**WHAT IS NEEDED**
Once the line containing "Mushroom + Lions Mane" is located, output it and every line after it through the end of the records, exactly as written and nothing else.

Source data:
* * *

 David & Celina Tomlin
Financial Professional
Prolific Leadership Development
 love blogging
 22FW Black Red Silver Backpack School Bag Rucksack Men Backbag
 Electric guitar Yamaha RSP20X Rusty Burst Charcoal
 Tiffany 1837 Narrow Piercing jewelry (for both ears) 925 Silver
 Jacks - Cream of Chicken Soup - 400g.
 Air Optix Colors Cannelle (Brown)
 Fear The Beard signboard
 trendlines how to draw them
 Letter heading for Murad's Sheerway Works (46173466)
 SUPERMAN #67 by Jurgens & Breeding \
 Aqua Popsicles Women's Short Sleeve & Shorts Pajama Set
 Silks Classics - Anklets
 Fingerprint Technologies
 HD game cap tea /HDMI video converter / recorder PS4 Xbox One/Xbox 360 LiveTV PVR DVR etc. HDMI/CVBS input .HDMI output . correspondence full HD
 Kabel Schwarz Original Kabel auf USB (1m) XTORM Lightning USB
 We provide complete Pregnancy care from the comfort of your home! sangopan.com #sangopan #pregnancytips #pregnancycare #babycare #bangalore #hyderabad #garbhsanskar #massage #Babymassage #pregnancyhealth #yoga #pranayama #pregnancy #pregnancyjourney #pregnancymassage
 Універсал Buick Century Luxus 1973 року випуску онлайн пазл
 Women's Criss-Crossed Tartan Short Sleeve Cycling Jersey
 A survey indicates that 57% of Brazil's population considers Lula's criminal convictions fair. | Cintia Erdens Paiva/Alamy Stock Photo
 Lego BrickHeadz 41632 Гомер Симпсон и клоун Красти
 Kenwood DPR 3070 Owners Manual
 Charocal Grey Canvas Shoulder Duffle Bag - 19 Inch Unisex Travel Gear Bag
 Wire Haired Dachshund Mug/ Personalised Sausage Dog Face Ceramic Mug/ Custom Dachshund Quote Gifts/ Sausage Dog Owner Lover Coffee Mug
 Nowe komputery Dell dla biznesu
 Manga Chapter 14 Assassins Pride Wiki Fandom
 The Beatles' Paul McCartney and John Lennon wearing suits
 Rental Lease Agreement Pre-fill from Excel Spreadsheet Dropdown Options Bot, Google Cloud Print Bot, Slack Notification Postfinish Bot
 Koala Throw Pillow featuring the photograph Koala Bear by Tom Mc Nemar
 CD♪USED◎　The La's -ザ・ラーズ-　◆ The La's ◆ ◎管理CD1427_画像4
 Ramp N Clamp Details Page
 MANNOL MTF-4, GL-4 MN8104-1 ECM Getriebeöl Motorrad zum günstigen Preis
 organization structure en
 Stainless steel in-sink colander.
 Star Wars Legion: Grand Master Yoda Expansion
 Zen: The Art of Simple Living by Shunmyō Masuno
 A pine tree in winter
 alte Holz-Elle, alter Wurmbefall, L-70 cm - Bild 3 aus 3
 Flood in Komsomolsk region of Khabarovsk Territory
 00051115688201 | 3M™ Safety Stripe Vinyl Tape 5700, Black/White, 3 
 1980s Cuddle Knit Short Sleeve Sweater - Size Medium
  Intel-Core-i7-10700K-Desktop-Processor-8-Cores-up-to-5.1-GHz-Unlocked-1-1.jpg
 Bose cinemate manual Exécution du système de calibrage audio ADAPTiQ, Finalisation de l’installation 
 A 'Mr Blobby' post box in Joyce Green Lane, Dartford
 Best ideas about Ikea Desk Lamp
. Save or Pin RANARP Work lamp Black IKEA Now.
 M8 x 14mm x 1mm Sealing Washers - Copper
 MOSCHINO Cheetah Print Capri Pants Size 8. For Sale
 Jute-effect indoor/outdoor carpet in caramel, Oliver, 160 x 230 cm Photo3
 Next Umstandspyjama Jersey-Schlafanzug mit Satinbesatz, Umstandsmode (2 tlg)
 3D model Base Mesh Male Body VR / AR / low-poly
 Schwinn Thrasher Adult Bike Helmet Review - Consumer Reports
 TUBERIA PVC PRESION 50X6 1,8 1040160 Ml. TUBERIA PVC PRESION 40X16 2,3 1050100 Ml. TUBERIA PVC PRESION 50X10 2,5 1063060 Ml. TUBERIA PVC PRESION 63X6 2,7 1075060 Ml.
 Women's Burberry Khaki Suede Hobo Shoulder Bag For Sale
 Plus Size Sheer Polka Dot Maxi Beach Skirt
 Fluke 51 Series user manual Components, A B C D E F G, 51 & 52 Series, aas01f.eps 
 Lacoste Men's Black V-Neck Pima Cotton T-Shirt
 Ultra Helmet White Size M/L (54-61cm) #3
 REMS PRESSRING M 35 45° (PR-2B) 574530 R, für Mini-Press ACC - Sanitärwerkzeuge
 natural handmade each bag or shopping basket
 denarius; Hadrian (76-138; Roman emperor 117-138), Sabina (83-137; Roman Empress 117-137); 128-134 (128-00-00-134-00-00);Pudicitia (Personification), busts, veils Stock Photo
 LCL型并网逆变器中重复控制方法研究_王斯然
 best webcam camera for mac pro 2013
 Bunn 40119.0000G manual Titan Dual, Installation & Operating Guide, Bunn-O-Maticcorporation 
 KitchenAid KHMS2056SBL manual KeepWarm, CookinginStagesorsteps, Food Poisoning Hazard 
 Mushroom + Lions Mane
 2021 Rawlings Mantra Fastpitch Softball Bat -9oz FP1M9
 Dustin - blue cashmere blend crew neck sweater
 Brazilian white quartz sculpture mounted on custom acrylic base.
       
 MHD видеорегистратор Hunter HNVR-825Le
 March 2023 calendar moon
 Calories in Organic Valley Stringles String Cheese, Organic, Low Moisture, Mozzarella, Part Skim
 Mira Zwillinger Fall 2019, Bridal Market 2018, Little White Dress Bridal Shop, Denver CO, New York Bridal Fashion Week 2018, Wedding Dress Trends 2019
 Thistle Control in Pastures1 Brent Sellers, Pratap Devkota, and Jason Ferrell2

* * *

**YOUR SOLUTION**
 Mushroom + Lions Mane
 2021 Rawlings Mantra Fastpitch Softball Bat -9oz FP1M9
 Dustin - blue cashmere blend crew neck sweater
 Brazilian white quartz sculpture mounted on custom acrylic base.
       
 MHD видеорегистратор Hunter HNVR-825Le
 March 2023 calendar moon
 Calories in Organic Valley Stringles String Cheese, Organic, Low Moisture, Mozzarella, Part Skim
 Mira Zwillinger Fall 2019, Bridal Market 2018, Little White Dress Bridal Shop, Denver CO, New York Bridal Fashion Week 2018, Wedding Dress Trends 2019
 Thistle Control in Pastures1 Brent Sellers, Pratap Devkota, and Jason Ferrell2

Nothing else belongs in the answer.